**DATASET CONTENT:**

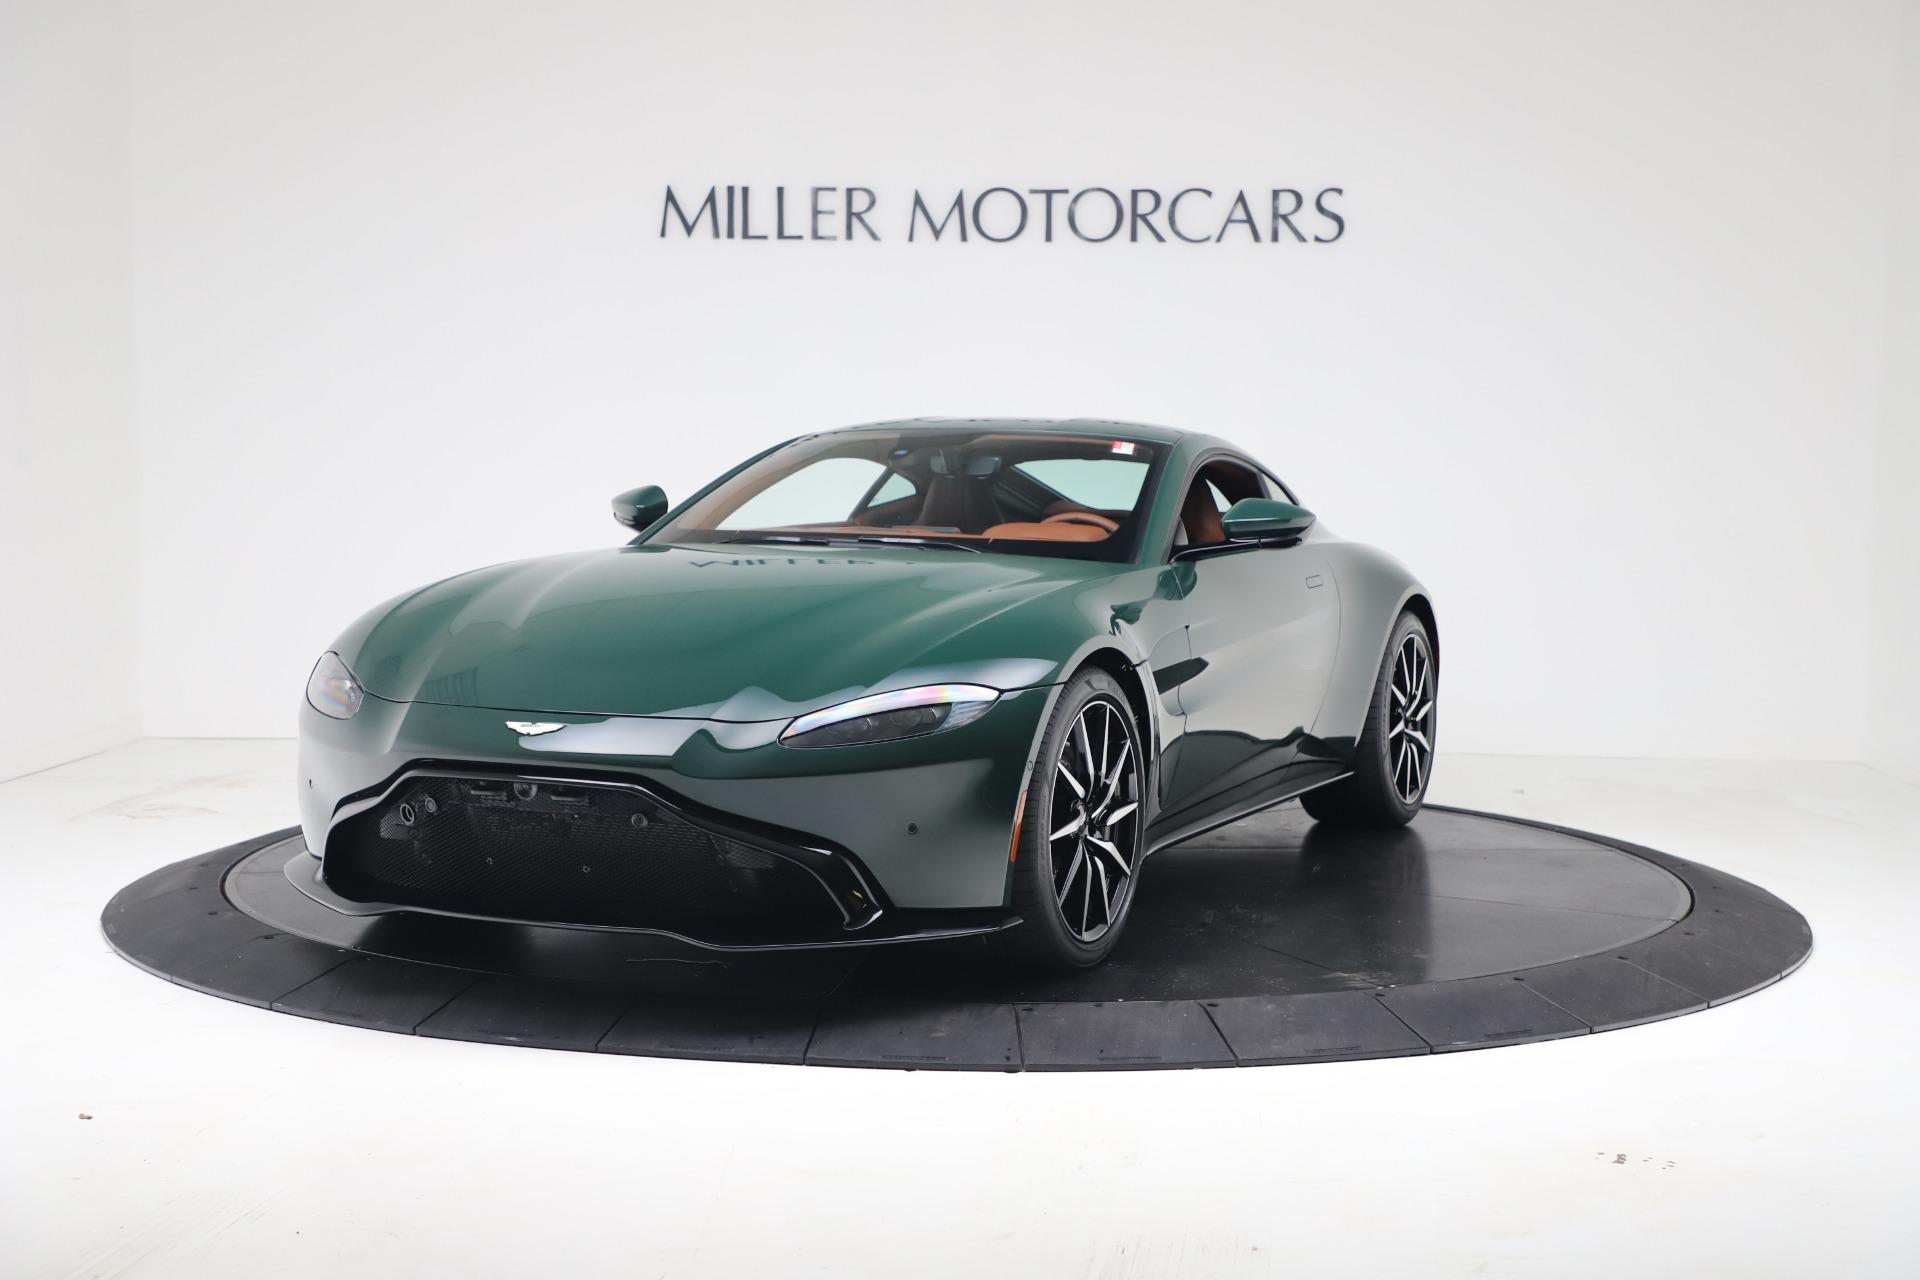 New 2020 Aston Martin Vantage V8 For Sale In Greenwich, CT 3483_p2
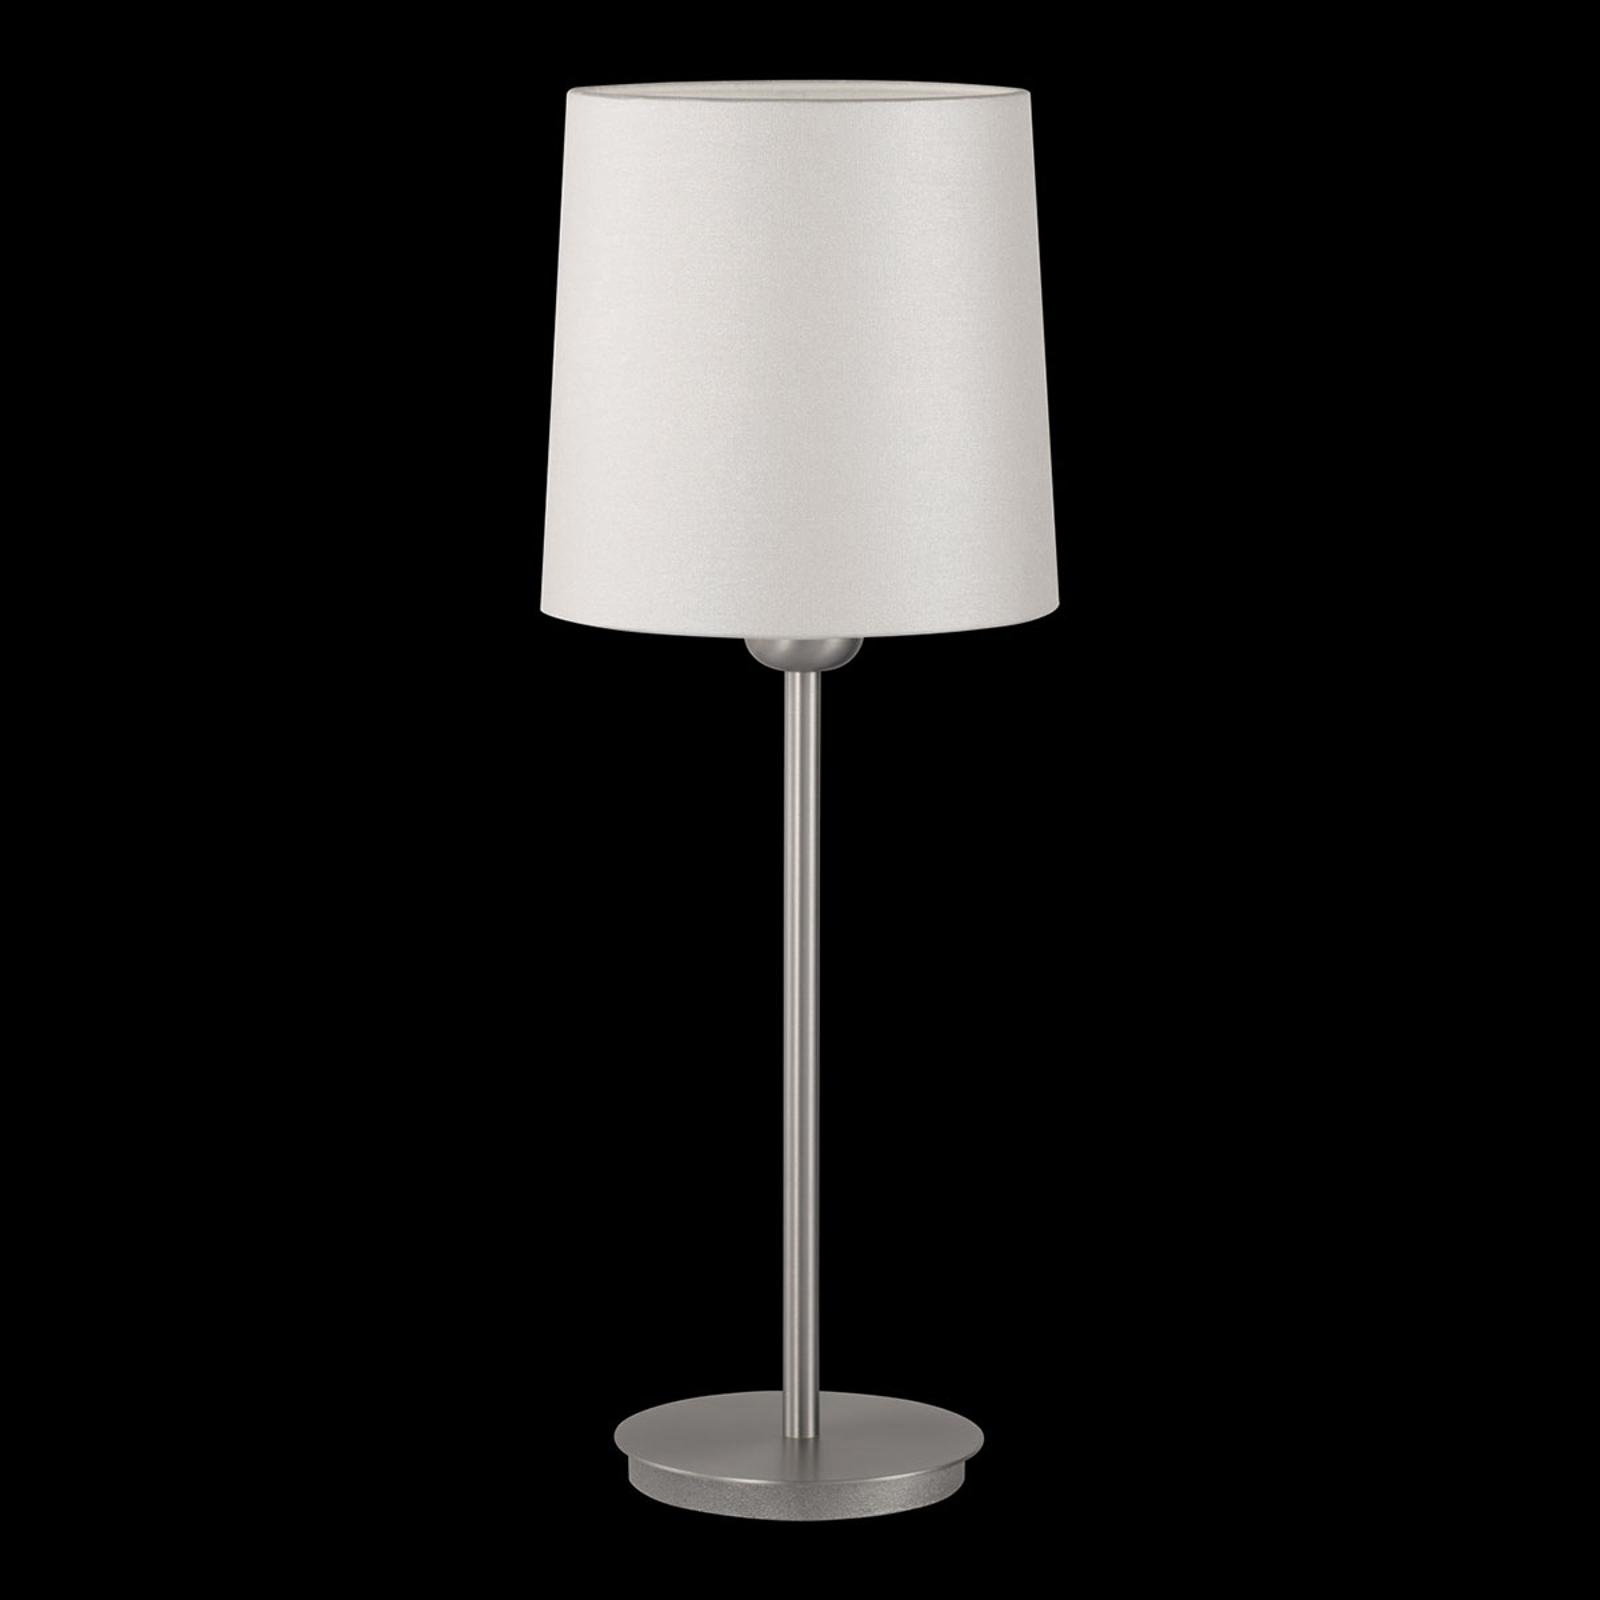 Tafellamp Havanna met parelmoereffect crèmewit
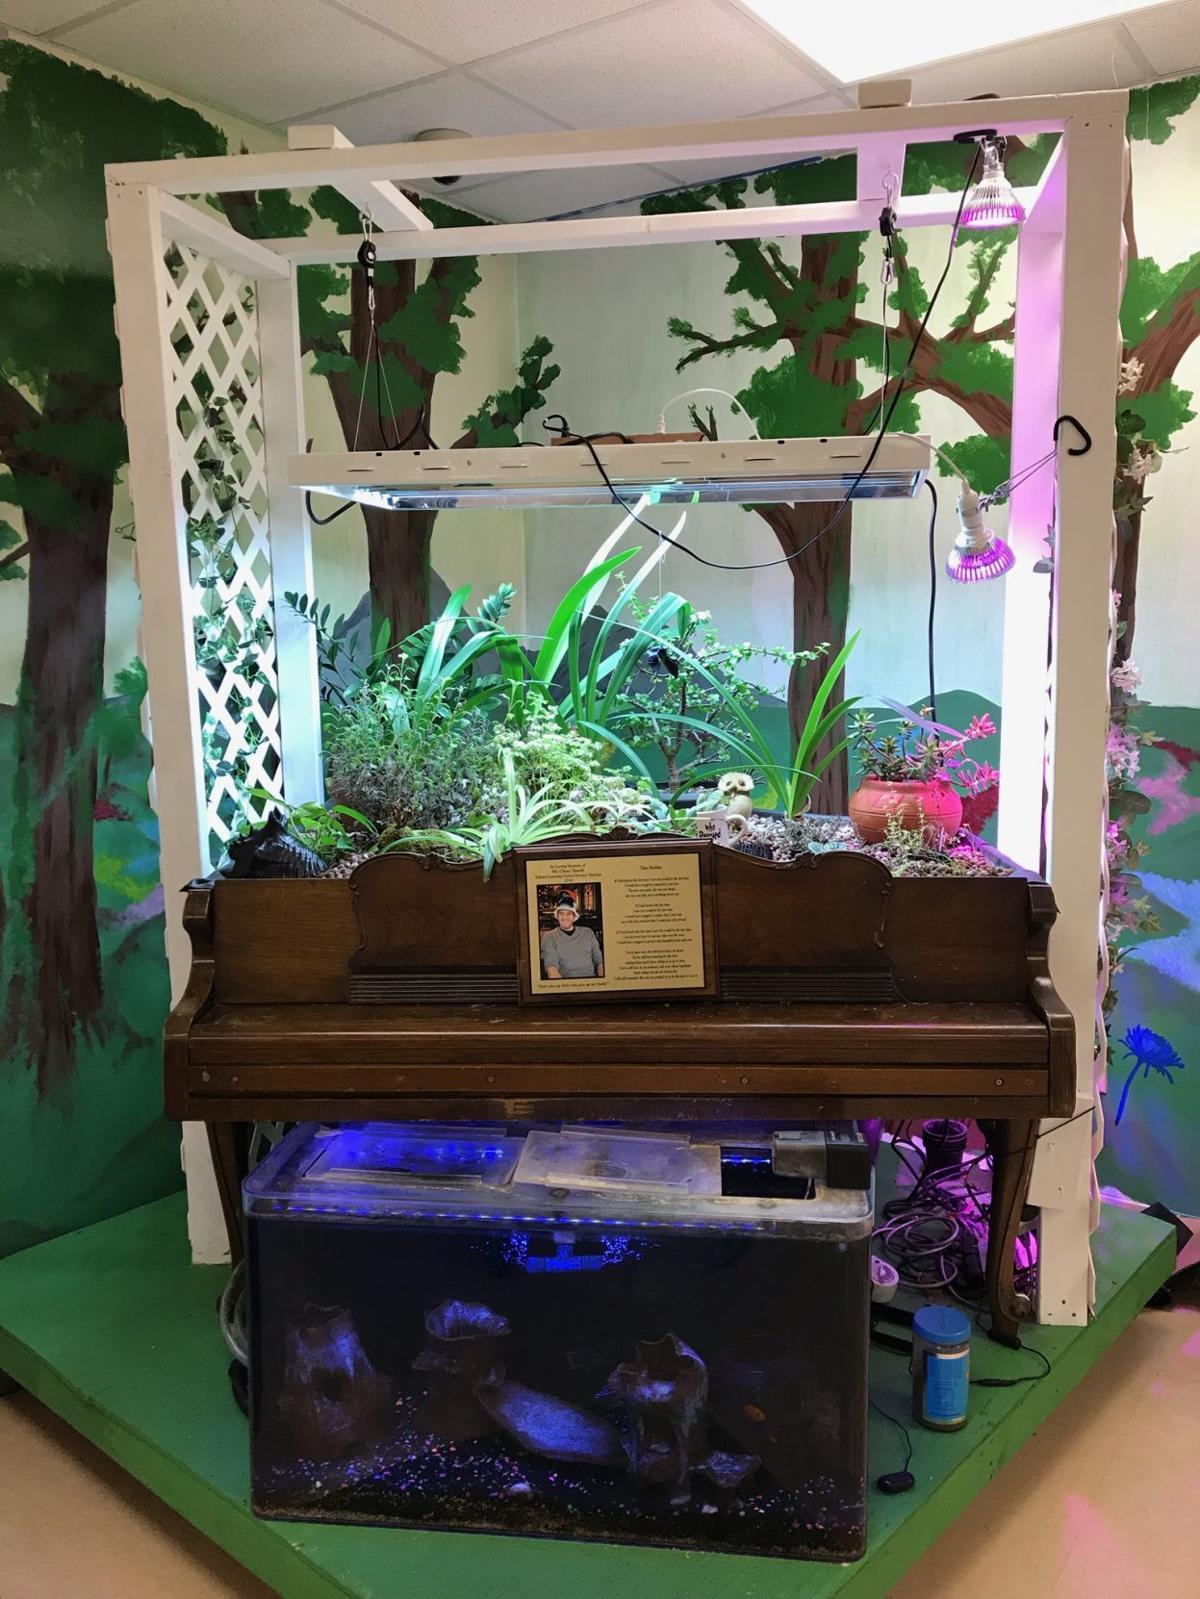 Aquaponics garden at Tokata Learning Center

**WORK ORDER:**
Would you retype the material exactly, omitting each picture?

**WRITTEN REPLY:**
 New 2020 Aston Martin Vantage V8 For Sale In Greenwich, CT 3483_p2
 Tafellamp Havanna met parelmoereffect crèmewit
 Aquaponics garden at Tokata Learning Center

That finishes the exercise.